Article Text

SAT0573 Validity of The Short Form 6d Utility Measure in Early Axial Spondyloarthritis: Results from The Desir Cohort
  1. C. Gaujoux-Viala1,2,
  2. L. Gossec3,
  3. M. Dougados4,
  4. J.-P. Daurès2
  1. 1Rheumatology, Nîmes University Hospital
  2. 2EA2415, Montpellier University, Nîmes
  3. 3Rheumatology, Pitié-Salpêtrière Hospital;GRC-UPMC 08 – EEMOIS
  4. 4Rheumatology B, Cochin Hospital, Paris, France


Background The quantification of health improvements is essential, notably in the current context of increasingly expensive therapies and more and more limited resources. Preference-based measures of health have become important for estimating health states in calculating quality-adjusted life years (QALYs), an essential component of cost-utility analysis. The SF-6D is an indirect preference-based health-related quality of life instruments increasingly being used for economic evaluation of clinical interventions and health programs. Data on economic as well as QoL outcomes among early axial Spondyloarthtritis (axSpA) patients remain scarce.

Objectives To evaluate the validity of an utility measure, the SF-6D, in early axSpA especially concerning the ability of this measure to reflect the change in patients' condition over time.

Methods DESIR (Devenir des Spondyloarthropathies Indifférenciées Récentes) is a French, multicentre, longitudinal cohort of 708 patients with early inflammatory back pain suggestive of axSpA.

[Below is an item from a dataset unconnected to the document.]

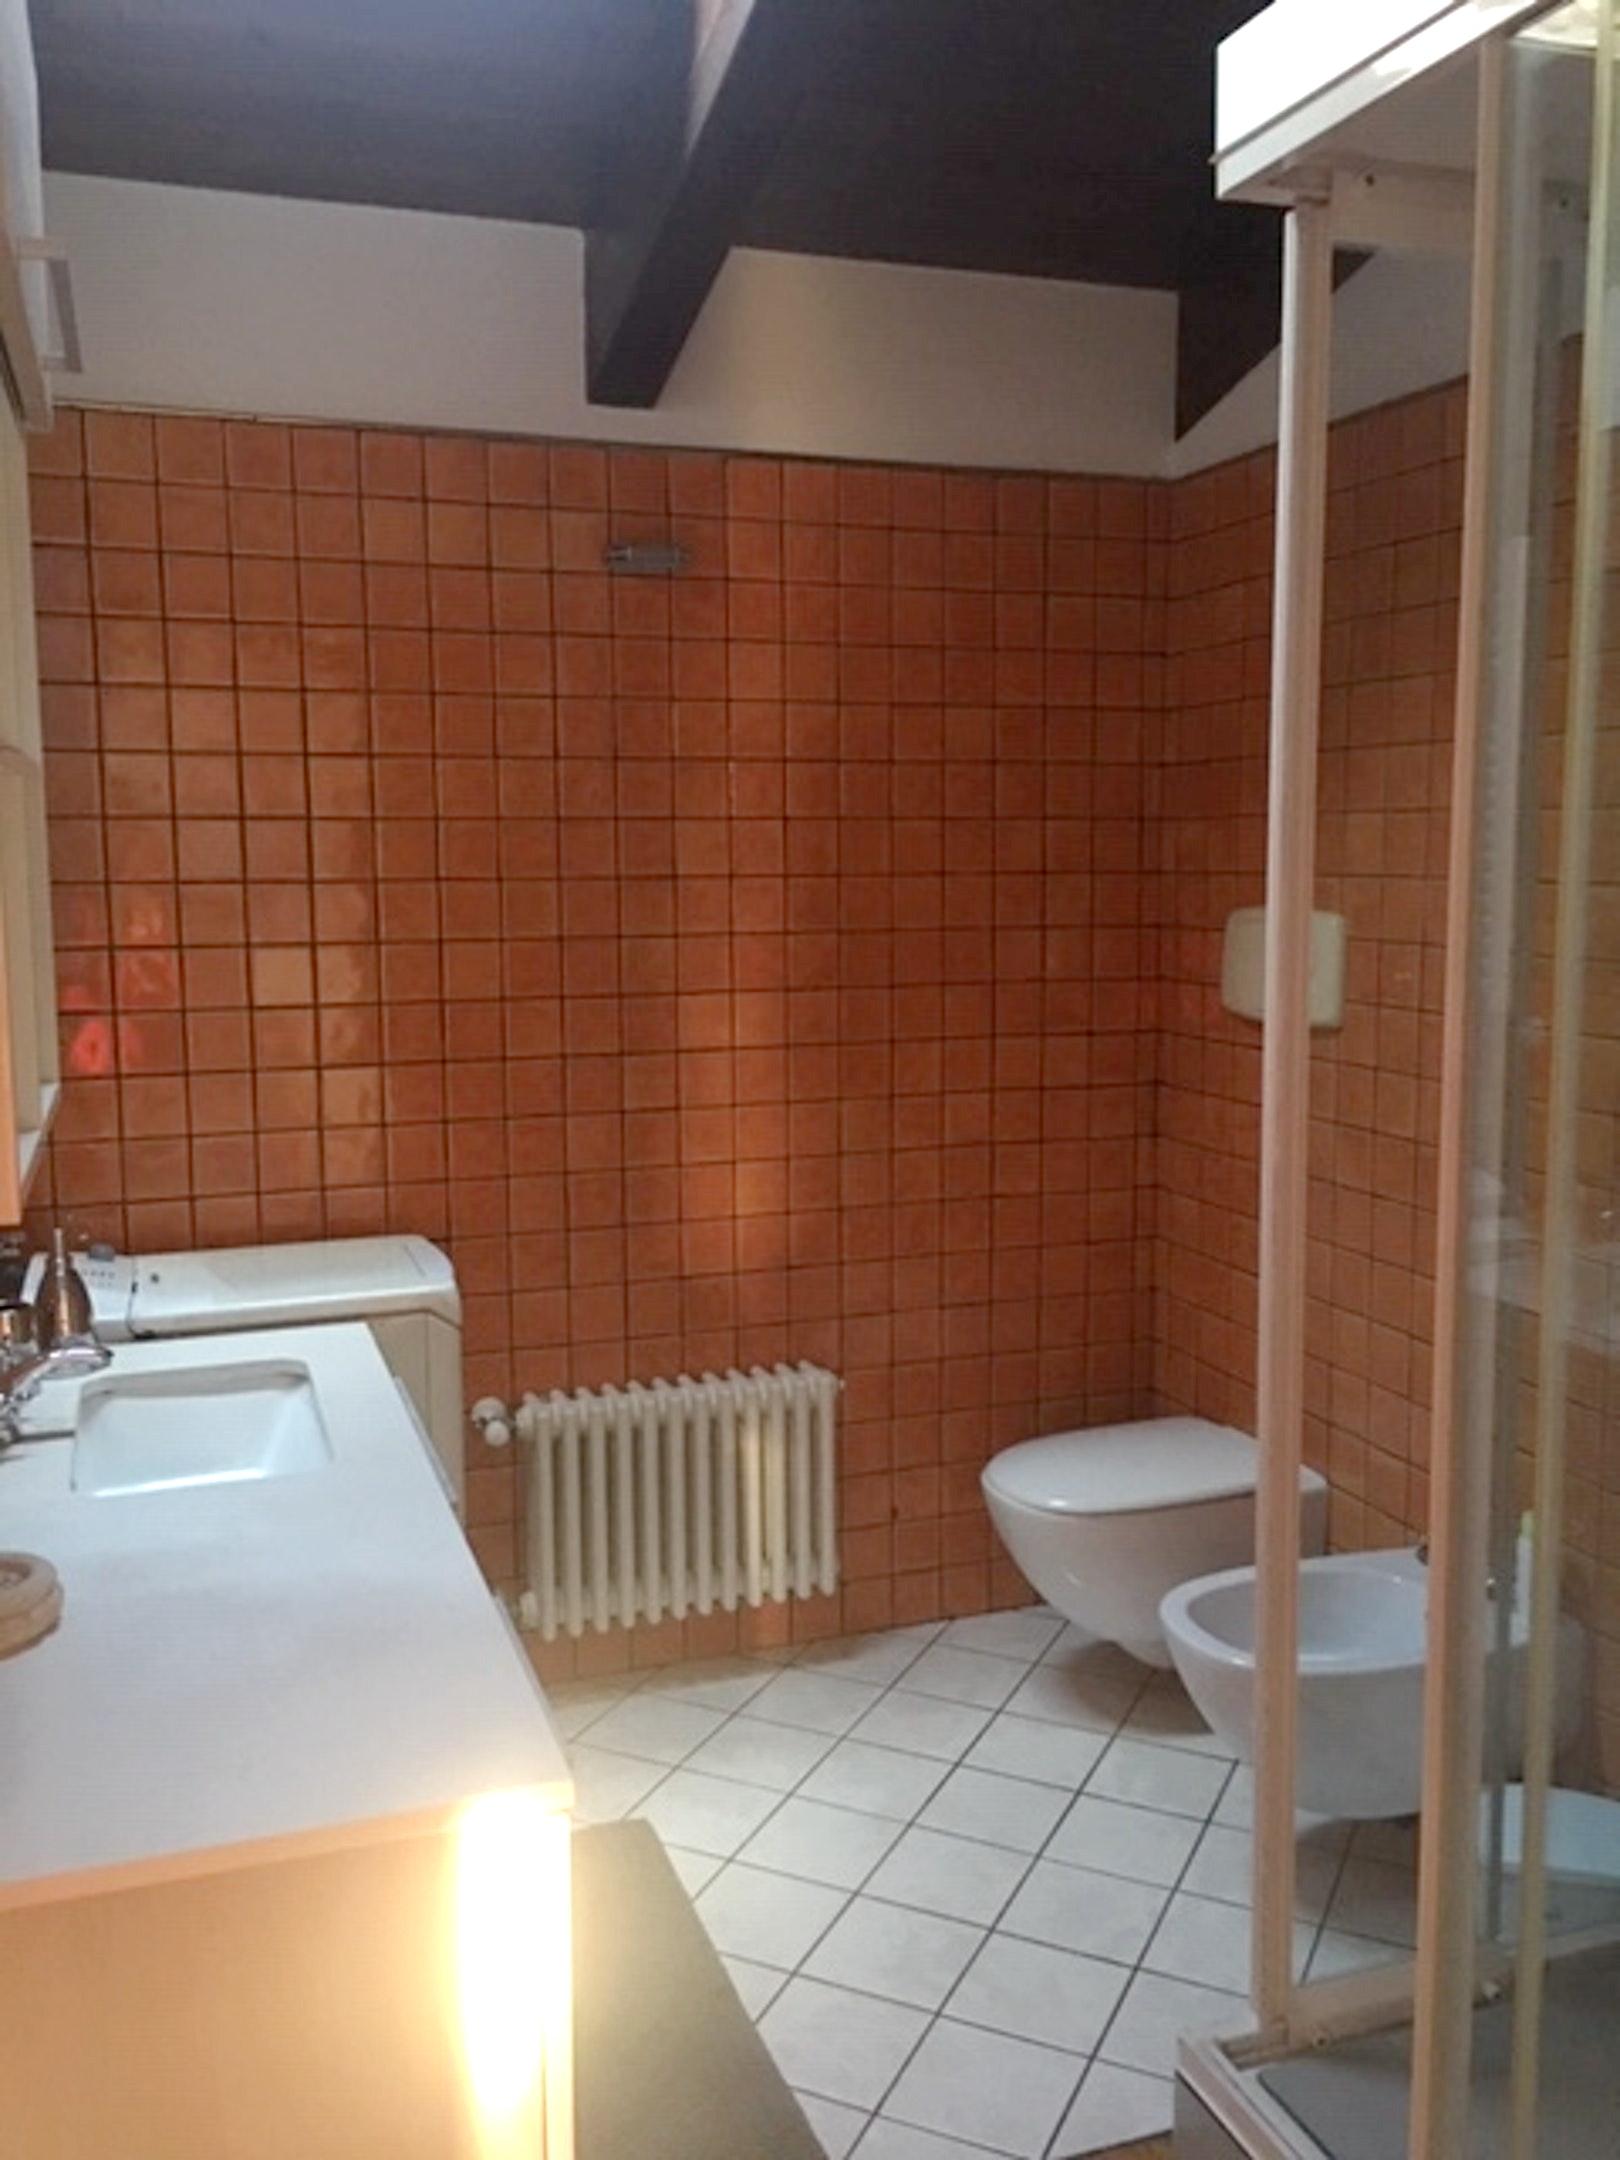 Ferienhaus Haus mit 2 Schlafzimmern in Salerno mit möblierter Terrasse und W-LAN (2644279), Salerno, Salerno, Kampanien, Italien, Bild 30

SF-6D utility measures were assessed in 607 patients over 1 year. To investigate whether the change in SF-6D is a valid measure of change in axSpA health status, we used Spearman's product-moment correlation to compare change scores for SF6D with those for external measures of health, the HAQ, SF36 physical component, SF36 mental component and AS-QOL from baseline to 6 and 12 months. Responsiveness was tested by the effect size (ES) at 6 and 12 months for the entire sample and subgroups by disease evolution (increase or decrease-stabilization in BASDAI). Bootstrap methods were used to estimate 95% confidence intervals [95% CI]. Sensitivity to change of the HAQ was calculated as a benchmark.

Results At baseline, mean value of SF-6D was 0.69±0.12 (range 0.30 to 0.95). The distribution was near normal. Few missing values were observed: 2.4%. No floor or ceiling effects were evidenced. Correlations of the SF6D change with change in HAQ and physical component of SF-36 scores were moderate at 6 months (r=-0.42 and 0.44, respectively). Correlations with change in mental component of SF-36 and AS-QOL scores were good (r=0.60 and -0.60, respectively). Correlations were stable over 1 year.

For the entire sample at 6 months, the SF-6D was more sensitive to change than the HAQ: ES 0.36 [95% CI 0.28;0.44] versus -0.22 [-0.28;-0.17]. The SF-6D was more responsive than the HAQ for improved condition: ES 0.45 [0.37;0.54] vs -0.32 [-0.38;-0.26] without difference for patients with deteriorated condition: ES SF-6D -0.23 [-0.41;-0.04] vs 0.33 [0.18;0.50] for HAQ. Results were similar at 12 months.

Conclusions The SF-6D is valid and able to reflect the change in patients' condition over time, especially improvement, in patients with early inflammatory back pain suggestive of axSpA.